### GIVEN DATA
>>

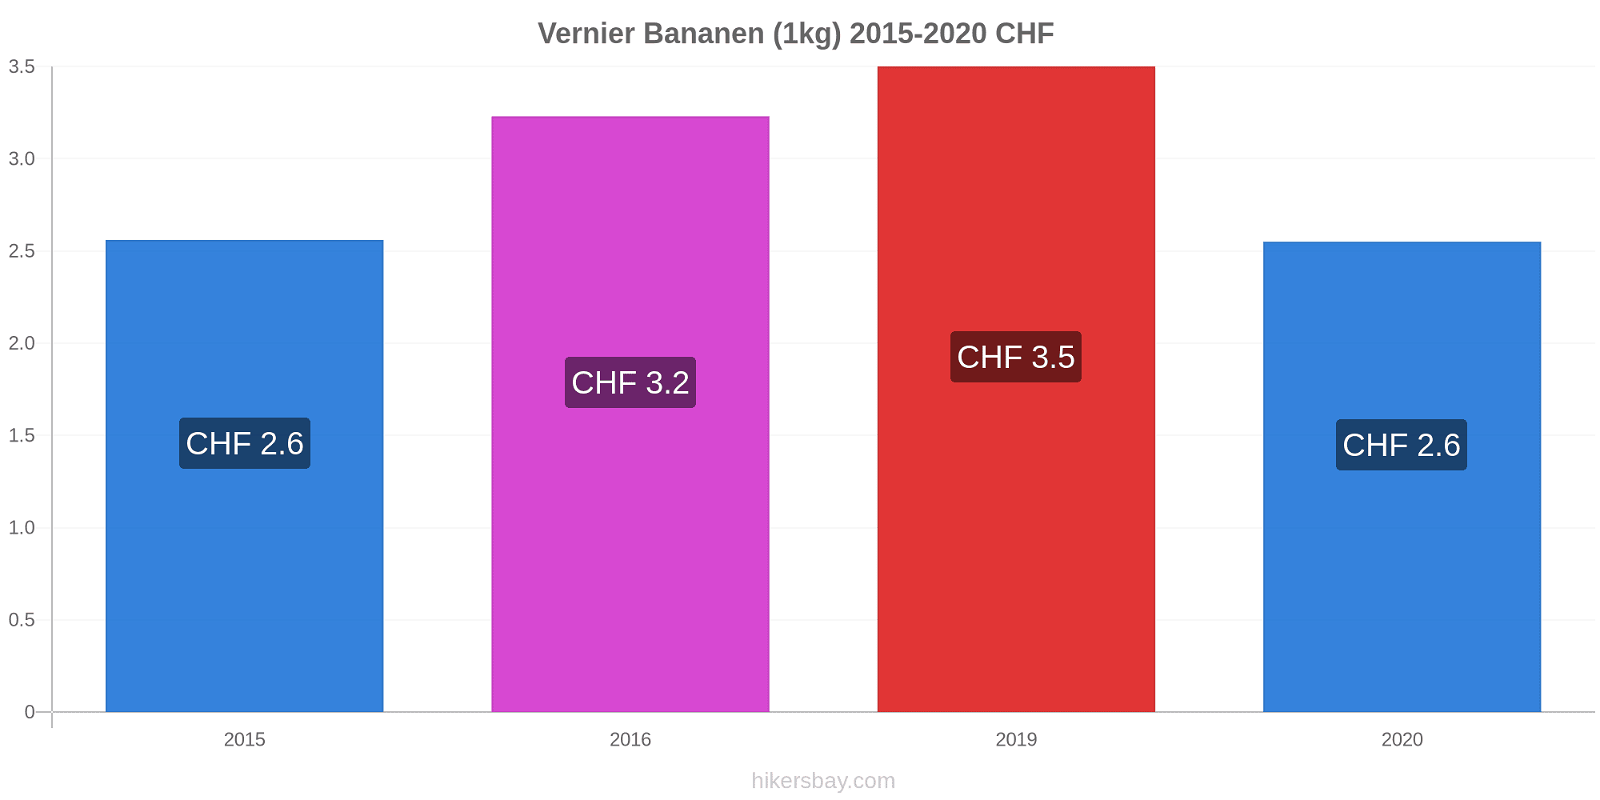 Vernier Preisänderungen Banane (1kg) hikersbay.com
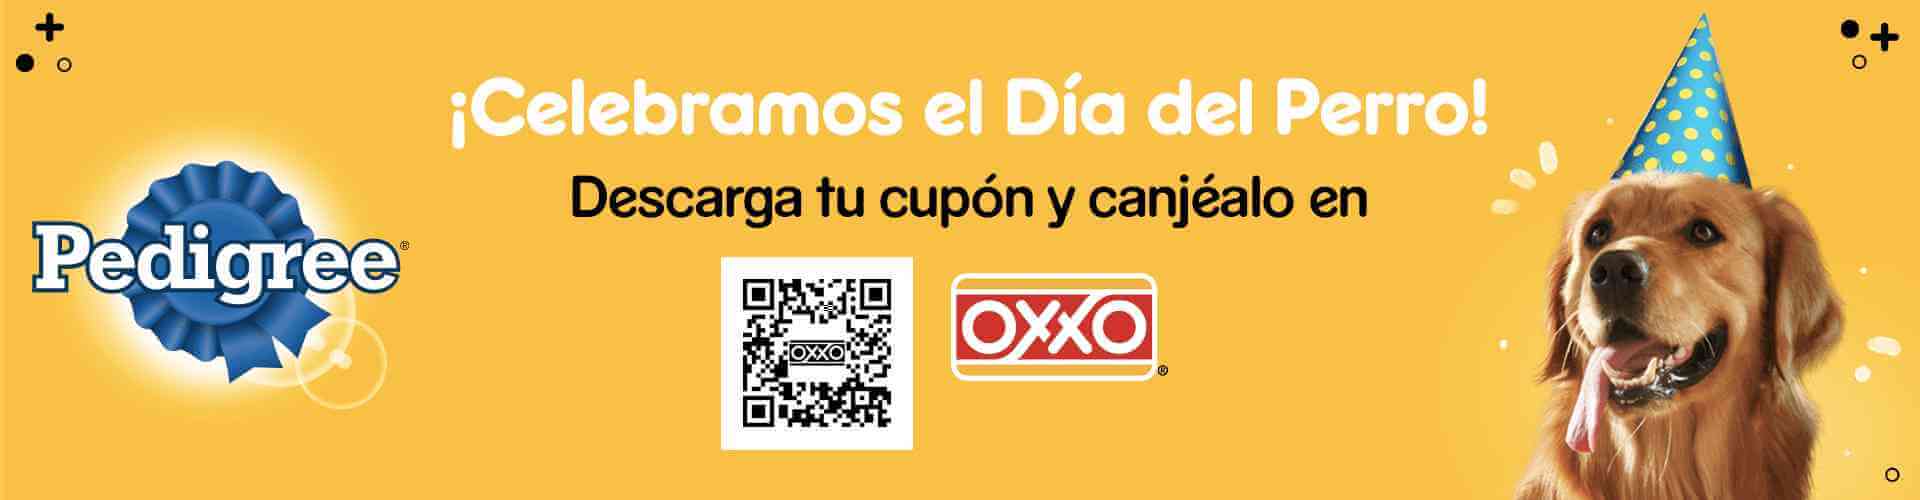 Oferta Oxxo: 3x2 en productos Pedigree seleccionados
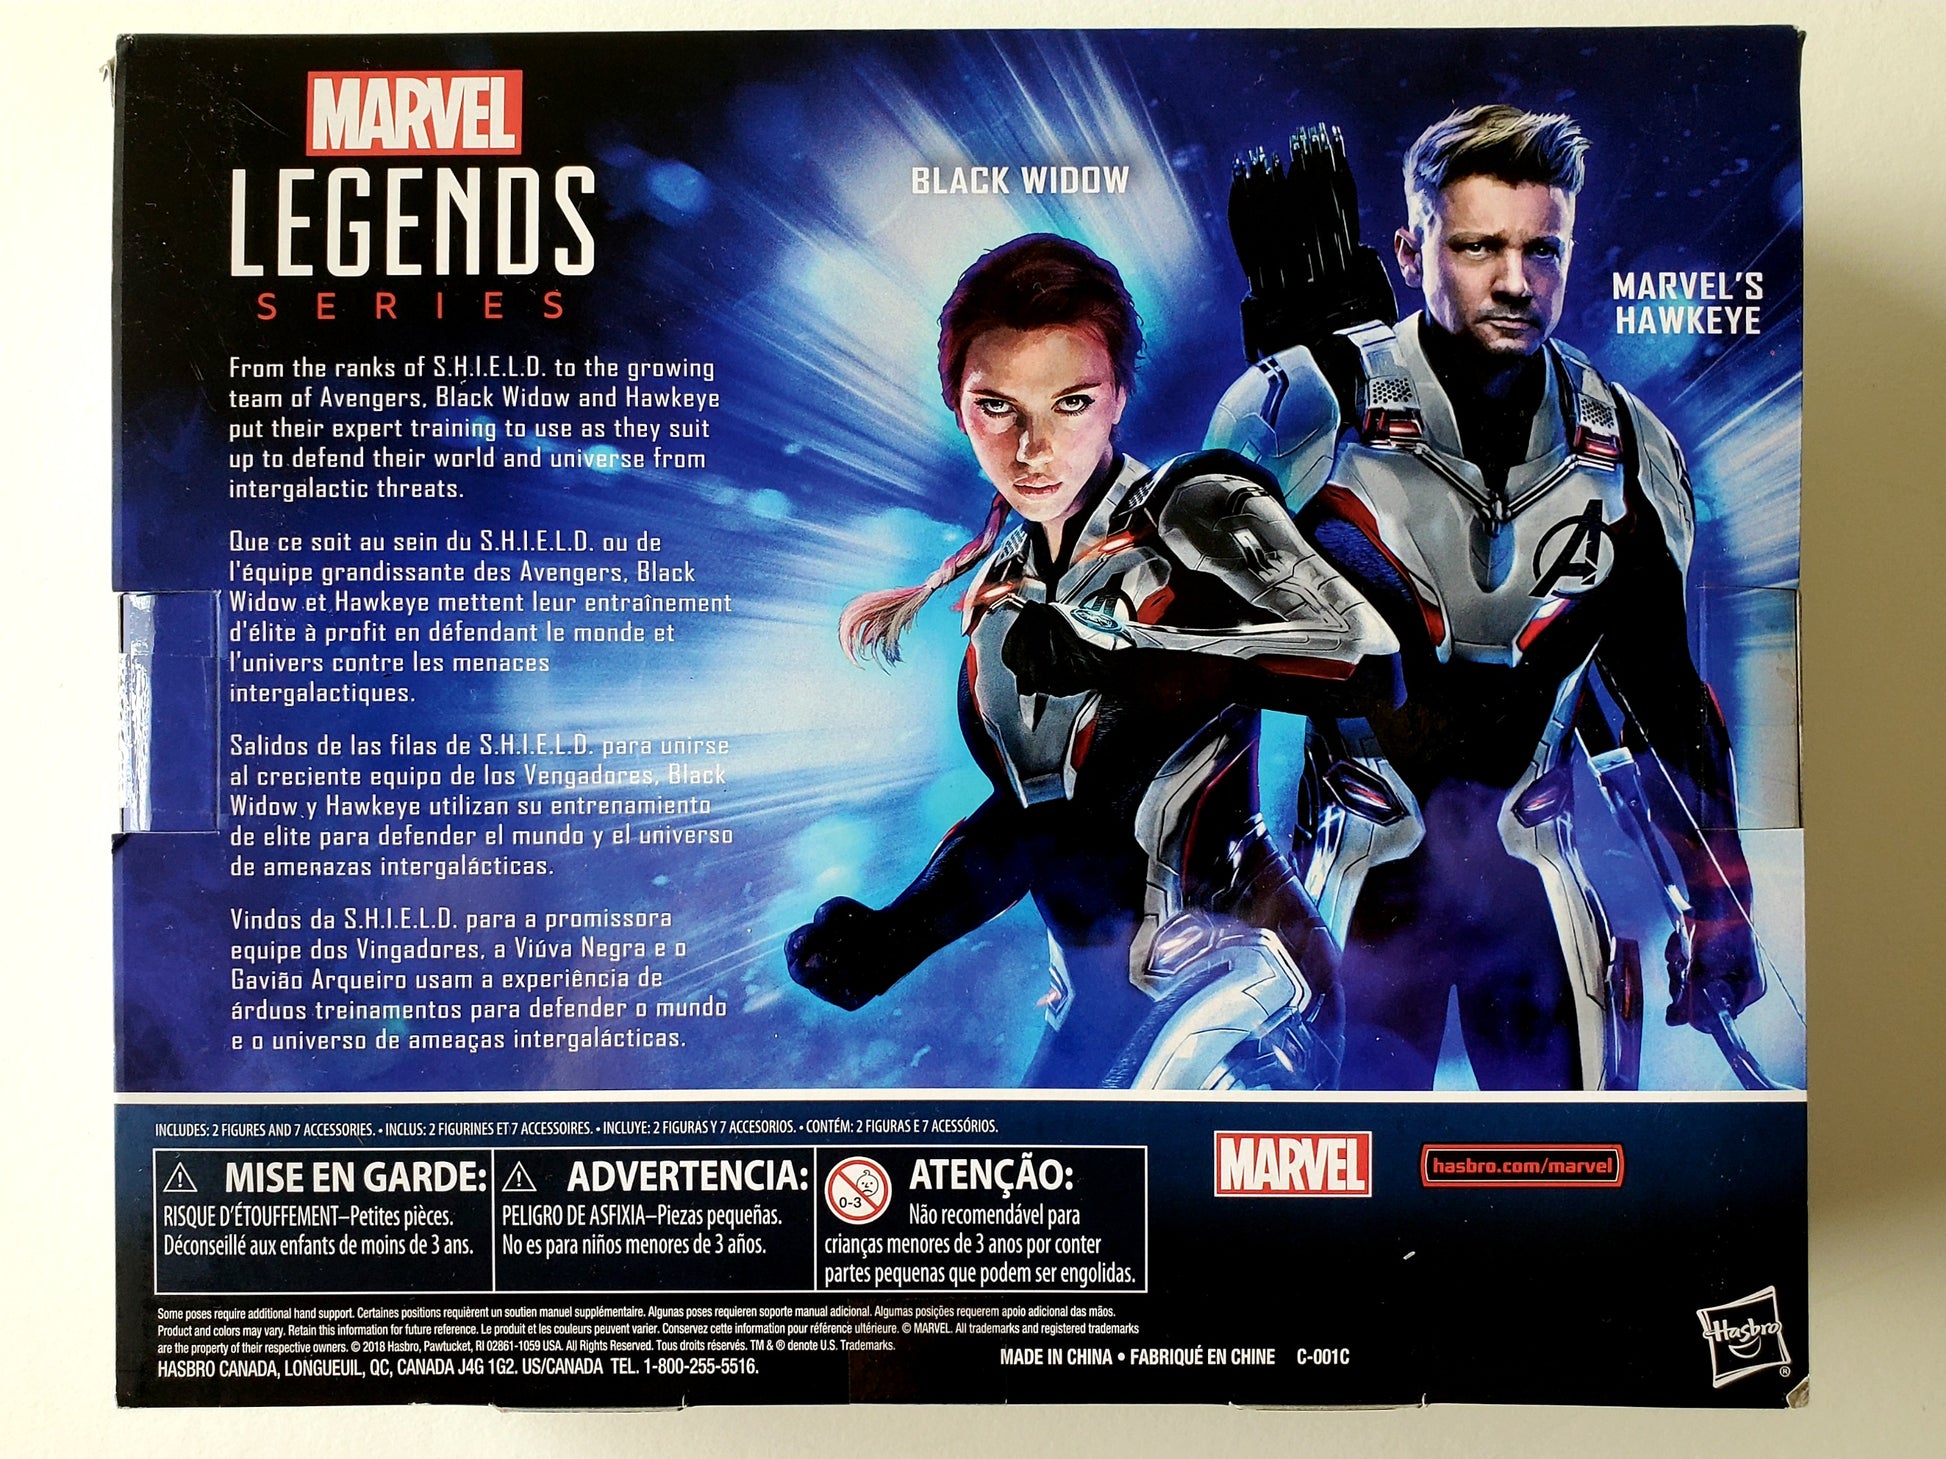 Marvel Legends Avengers: Endgame Hawkeye and Black Widow Exclusive
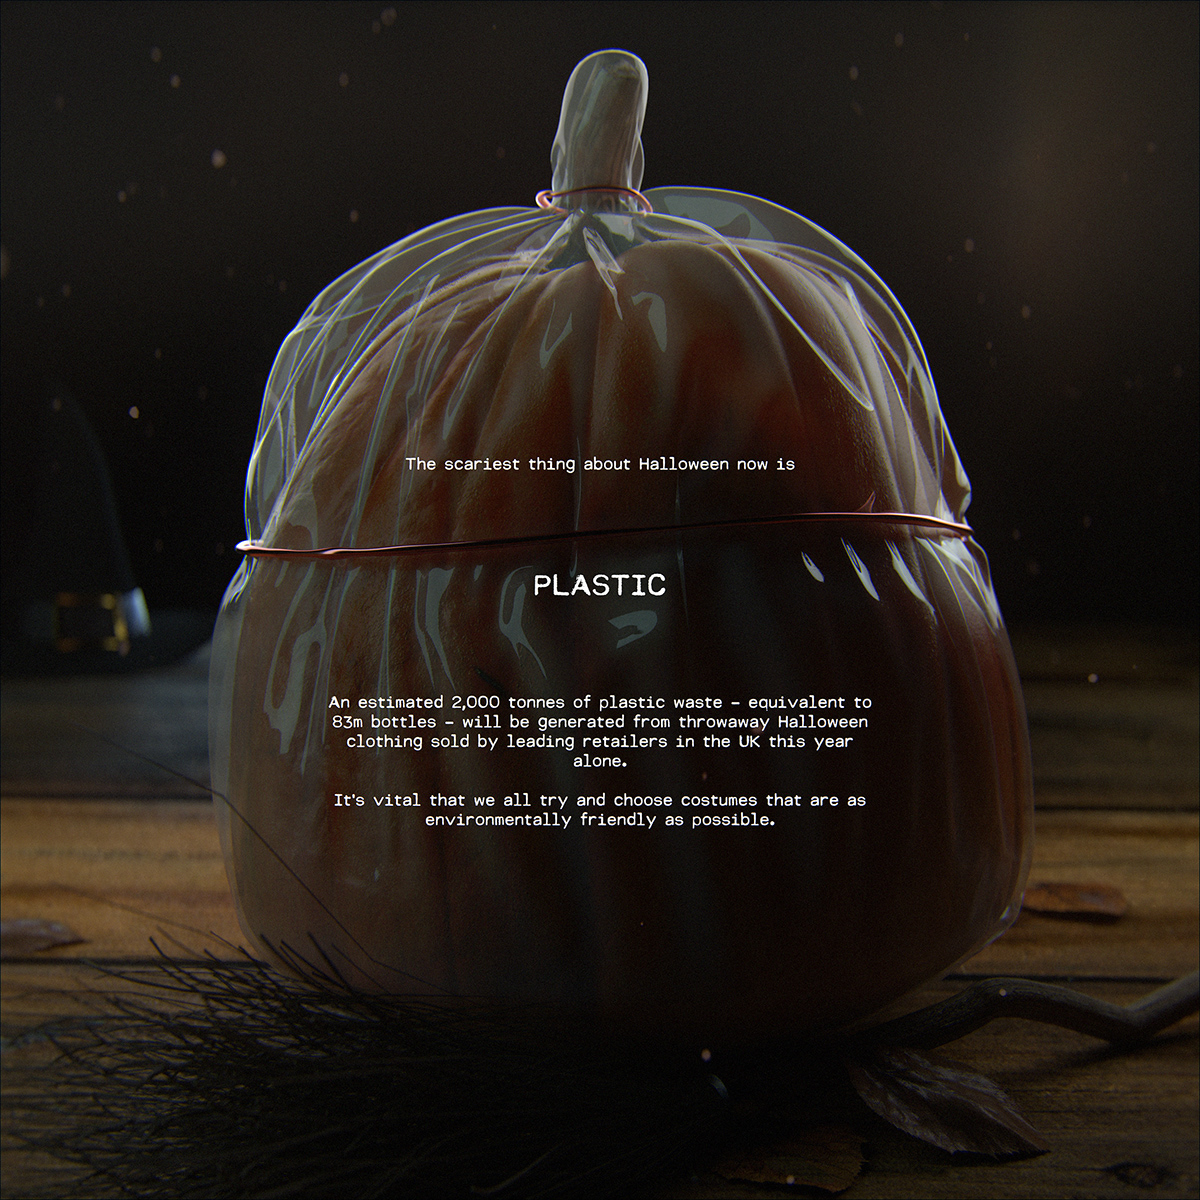 plastic Halloweem waste garbage pumpkin orange message climatechange spooky horror

<<

### INSTRUCTIONS FOR THE TASK
Starting with the line that contains "Oferta Oxxo: 3x2", repeat each line exactly until the listing ends, including the last one. Leave pictures out.

### OUTPUT FOR THIS TASK
 Oferta Oxxo: 3x2 en productos Pedigree seleccionados
 Marvel Legends Avengers: Endgame Hawkeye and Black Widow Exclusive
 plastic Halloweem waste garbage pumpkin orange message climatechange spooky horror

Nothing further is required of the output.